What the analysis found

The starting state was worse than assumed: the success paths emitted no audit record at all — successful create / renew / deploy / auto-renew, and every scheduled (unattended) renewal, were invisible; only denials were logged. The convenience helpers log_certificate_created/renewed/... were dead code. And the log had no integrity (a line could be edited/deleted/reordered with no trace).

What this adds

Attribution (74149cb)

  • Every audit entry gains an additive, structured actor {kind, id, label, token_prefix, agent_session} and trigger {cause, job_id}. Old call sites and readers keep working (a system actor is synthesised when none is passed).
  • actor.kind is derived only from the authenticated identity: an is_agent-flagged scoped key → agent; a non-agent key / legacy bearer → api_token; a session → user; the scheduler → scheduler. The client-supplied X-CertMate-Agent-Session header is recorded as an informational claim and can never promote a caller to agent.
  • Emission now fires on the previously-silent paths: cert_service.issue_create/renew/reissue (covering API sync, async executor, and web), the scheduled renewals (actor.kind='scheduler' + job_id), and the auto-renew / manual-deploy endpoints.
  • The MCP server sends a per-process agent session (override CERTMATE_AGENT_SESSION).

Tamper-evidence (17c77b7)

  • An append-only SHA-256 hash chain at data/audit/certificate_audit.chain.jsonl: {seq, entry, prev_hash, hash}, gap-free seq (a missing seq proves a deletion), byte-stable canon (IDN-safe). Single-writer under a lock, fsync per line, state advanced only after a durable write, recovered on restart, truncated-tail tolerated. No new dependencies (json + hashlib).
  • A standalone verifier (python -m modules.core.audit_verify, stdlib only, runs without CertMate) reports PASS or the exact seq + reason of the first break.

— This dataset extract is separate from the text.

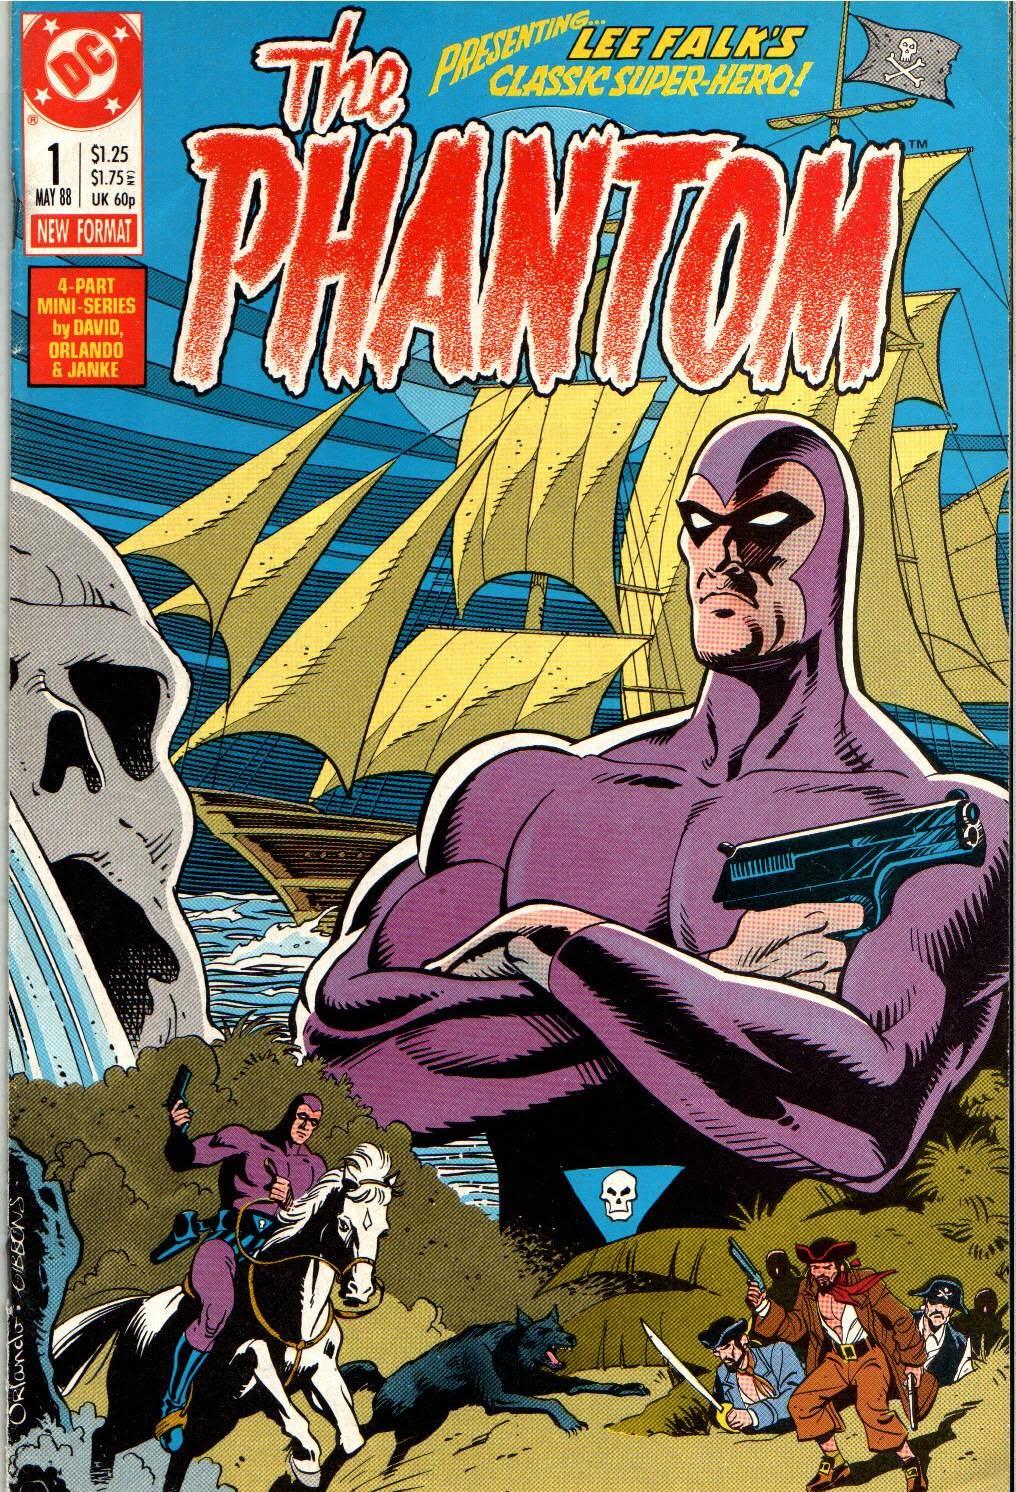 Read online The Phantom (1988) comic -  Issue #1 - 1

Operator surface (e2bd4a1)

  • GET /api/audit/verify (admin, read-only): runs the verifier, returns 200 intact / 409 broken.
  • Settings → API Keys: an "AI agent key" checkbox (+ an agent badge in the list) that sets is_agent, so the MCP server can use a key whose actions are attributed as agent.

Docs (e1e2307)

  • api.md: corrects the audit-log section (it wrongly claimed pure JSON, hiding the logging prefix and the local-vs-UTC time bases) and documents the new fields, the chain, the endpoint, and the verifier.
  • mcp.md: how to give an agent a dedicated is_agent key.
  • compliance.md (new): an honest operator-enablement mapping to NIS2 (strongest fit), EU AI Act Art. 50 (transparency spirit only), and ISO 42001 (records), with explicit non-claims.

Hardening from adversarial review (12da43e)

  • An independent review found a blocker: a non-object JSON line in the chain file could raise AttributeError out of AuditLogger.__init__ and abort app startup (taking the scheduler down). Fixed so a corrupt line is reported, never crashes; recovery can never abort __init__. Plus lock-on-verify and the tail-truncation limitation documented + tested.

Threat-model honesty (stated in code and docs)

The chain detects interior modification / deletion / reorder by anyone without the writer's running state. It does not detect tail truncation without an external head anchor, and it does not bind the operator (who holds the file and could rewrite the whole chain). Both require external anchoring of signed checkpoints — Phase 3, deliberately not in this PR.

Out of scope (by design)

  • Ed25519 signed export bundle + external anchoring (Phase 3) — introduces signing-key lifecycle (loss/rotation) and touches SMTP/S3; a separate decision.
  • Including the chain in the unified backup zip — touches the backup contract.

Tests / safety

  • +60 tests (attribution, kind derivation, header-is-a-claim, success/failure emission across create/renew, scheduler attribution, chain write/verify, modify/delete/reorder detection, restart recovery, non-object-line safety, the verify endpoint). Full suite 1530 passed, 17 skipped. No emoji. Template theme-token gate passes.
  • Audit emission is isolated best-effort everywhere (try/except), so it cannot break or alter certificate issuance/renewal.

Note for before merge: Phase 1 wraps the issuance choke point (issue_create/renew/reissue) additively, and the renewal tests pass — but since that path was touched, a real-cert smoke (issue+renew against a test subdomain) is the prudent final check.

🤖 Generated with Claude Code

fabriziosalmi and others added 6 commits June 15, 2026 13:02
…mit on the silent paths

When an MCP/AI agent renews or replaces certificates on a schedule, the audit
log could not say what changed, when, and on whose authority. Two gaps caused
this: the success paths that matter emitted no audit record at all, and the
records that did exist carried only a coarse `user` string.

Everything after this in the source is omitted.